Monday, June 15, 2009

The Very Best

...are Radioclit and Esau Mwamwaya. And obviously watched a lot of Lion King growing up.

"Dinosaur On The Ark" is one I'll occasionally skip over when I'm driving and listening to my music, simply because it's a bit of a build-up, and I listen to a lot of my music based on the mood I'm in at the time. This one came on at the perfect moment: I hit a long, flat stretch of highway, the sun was just beginning to go down in the sky (nothing quite as dramatic as the album cover above, but nice nonetheless) and there were virtually no cars compared to my usual rush-hour commute.

It's always different hearing music in my car that I'm so used to coming out from my laptop. There's tradeoffs to each of course; the car has better bass and brings out a lot of elements you wouldn't otherwise notice, but obviously there's the windnoise and sub-par acoustics. My laptop on the other hand I got with an upgraded speaker system, and it picks up a lot better on little hints of treble that would otherwise be lost in the wind-shuffle of my car. Either way, I gained a new appreciation for this Very Best song on my drive home today.

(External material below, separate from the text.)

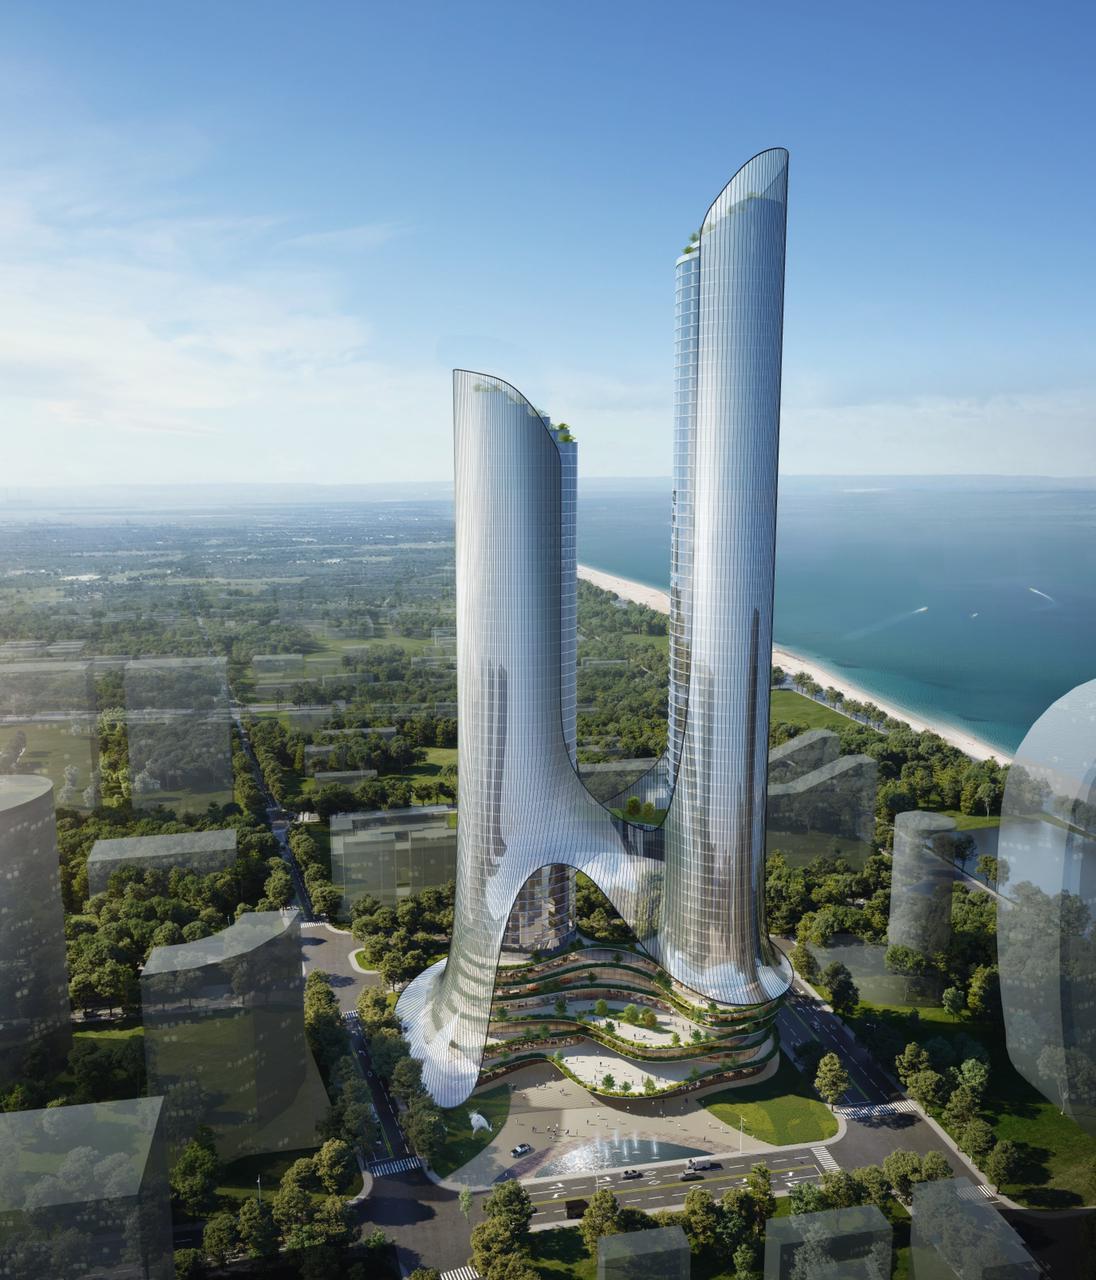 West Towers Batumi [Вест Тауэрс Батуми]

There's the slow, rippling-water-and-jungle-rainforest start to this song, that literally sent a shiver through my body when I heard it today. The echo-y tone to Radioclit's voice provides the perfect intro, as he talks about the wasteland of a post-WWIII (don't lose me here) world, then narrows it down to the microcosm of himself and his lover, hoping "our love ain't a dinosaur, floating on, on the Ark." That line really hit me for the first time today, and I had the adequate time to mull it over, seeing as the majority of the song is dominated by Esau Mwamwaya's singing in Malawi's national language of Chichewa; I have no idea what any of it means outside of "Africaaaa," but damn if it's not uplifting.

That's what this whole song is really: a hymn of victory, swashed in swirling (but not necessarily dreamy) bass lines, chord plucking and tribal drumming, rife with Afro-Pop stylings and Western Pop sensibilities. The war and post-apocolyptic visions mentioned at the start are quickly forgotten by the end of this one, and replaced with a newfound sense of hope. Hate to get all deep like that, but that's really what this song means to me. Even if it all dawned on me on a simple drive home.